Classification criteria are a cornerstone of clinical trials and epidemiologic studies in rheumatology. Our study has identified a large number of classification criteria that are widely cited in rheumatic disease research. Many of these criteria sets have moderate to excellent sensitivity and specificity; however, some criteria sets were developed using methods that are not currently considered to be strong. Many were developed prior to recognition of standards of methodologic quality. Our intention was not to be overly critical of these older criteria sets; rather, we wish to make readers aware of the current state of criteria development, identify potential weaknesses, and highlight areas where additional research is needed.

The majority of classification criteria were developed to define a group of patients with disease for the purpose of clinical research. In a few instances, it was not the primary intent of the authors to develop classification criteria; rather, the criteria were developed within the context of a study, and over time have become widely cited as classification criteria (8–12). Most criteria sets were not developed for clinical decision making, and their performance as diagnostic criteria for rheumatic diseases in general practice has largely not been evaluated. Thus, the use of classification criteria for clinical diagnosis may be inappropriate. For example, research on systemic vasculitis demonstrated that the 1990 ACR classification criteria (13) function poorly as diagnostic criteria (14). When used for diagnostic purposes, the ACR criteria suggest homogeneity of clinical presentation for all subsets of a disease when in fact there is heterogeneity of presentation (14).

Clinicians should be cautious when adopting classification criteria for clinical diagnosis. Validation of criteria sets for diagnostic purposes usually requires very high specificity with good sensitivity. By comparison, validation of criteria sets for use in epidemiologic studies of prevalence and incidence requires a balance of sensitivity and specificity. The variability in the discriminant validity thresholds relates to their intended use. When a patient has been given a diagnosis using criteria with a high specificity, the clinician can be sure the patient has the disease. In contrast, in epidemiologic studies evaluating incidence and prevalence, overly specific criteria would result in underestimation of the true prevalence, and overly sensitive criteria would result in overestimation of the true prevalence. In this situation, researchers would prefer a balance of sensitivity and specificity.

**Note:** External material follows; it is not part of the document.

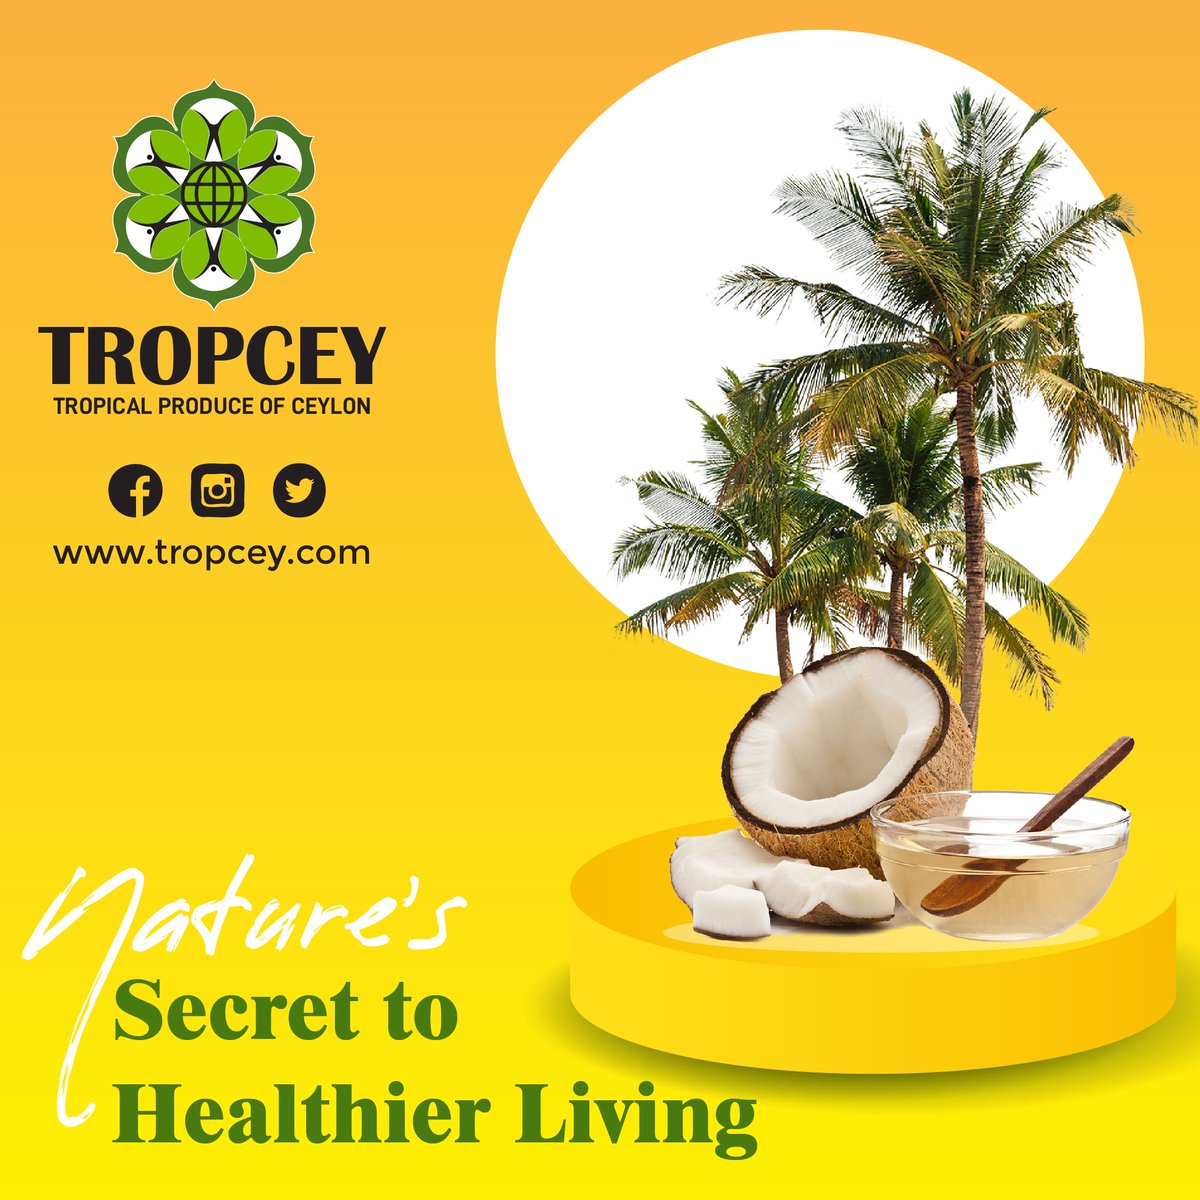 Nature's Secret to Healthier Living...😊
#naturessecret #healthierliving #tropceyexport #madeinsrilanka #coconutoil #coconutwater #coconutmilk #coconutchips #coconut #coconutproducts #coconutindustry #tropical

We found that many studies developing classification criteria depend on expert opinion and examination of published literature to generate items for inclusion in a criteria set. Few studies commented on the need to ensure content validity, and even fewer tested for it. Furthermore, the construct or conceptual framework of the disease was rarely explicitly stated. Thus, all domains of a given disease may not be represented in each classification criteria set. Since none of the rheumatic diseases have a single gold standard diagnostic test for the identification of cases, the explicit specification of the clinical characteristics or domains that characterize the construct of the disease is necessary. Many of the older criteria sets may benefit from reevaluation to reflect the current understanding of the pathophysiology and phenotypic expression of the disease. For example, in both systemic sclerosis (15, 16) and inflammatory myopathies (17, 18), advances in our understanding of autoantibody profiles and disease manifestations have led to proposals for new classification criteria. Future investigators should state the conceptual framework on which the classification criteria are based.

In the studies we examined, the methodologic rigor with which cases and controls were selected to derive the classification criteria sets was weak in several ways. First, early classification criteria used small numbers of patients (11, 19, 20), whereas more recent criteria sets have used appropriately large numbers of cases and control participants (generally over 100 of each) (21–25). Second, in the majority of situations, cases and control participants were obtained from academic rheumatology practices. If criteria are to be used in epidemiologic studies, greater effort should be made to include cases and control participants from the community setting (2). Third, the control groups from one-third of the criteria sets were composed of patients with a rheumatic disease; only 4 criteria sets used patients with nonrheumatic diseases as controls, and only 2 criteria sets used healthy control participants. The choice of an appropriate control group has important implications for the use and performance of the criteria set. If criteria are intended to distinguish patients with the disease from patients without the disease, or patients with the disease from patients with nonrheumatic diseases, a wider breadth of control groups should be included (2). The inclusion of appropriate control groups will affect the discriminative utility of the criteria in a generalized clinical setting. Fourth, in general, the investigators developing the criteria were also the ones contributing cases and controls. Due to the potential introduction of bias and circularity of reasoning, criteria should be validated by investigators and in subjects who are distinct from the original group of investigators and subjects. Fifth, nearly 50% of the criteria sets in this study were derived from expert opinion and/or literature search instead of patient data.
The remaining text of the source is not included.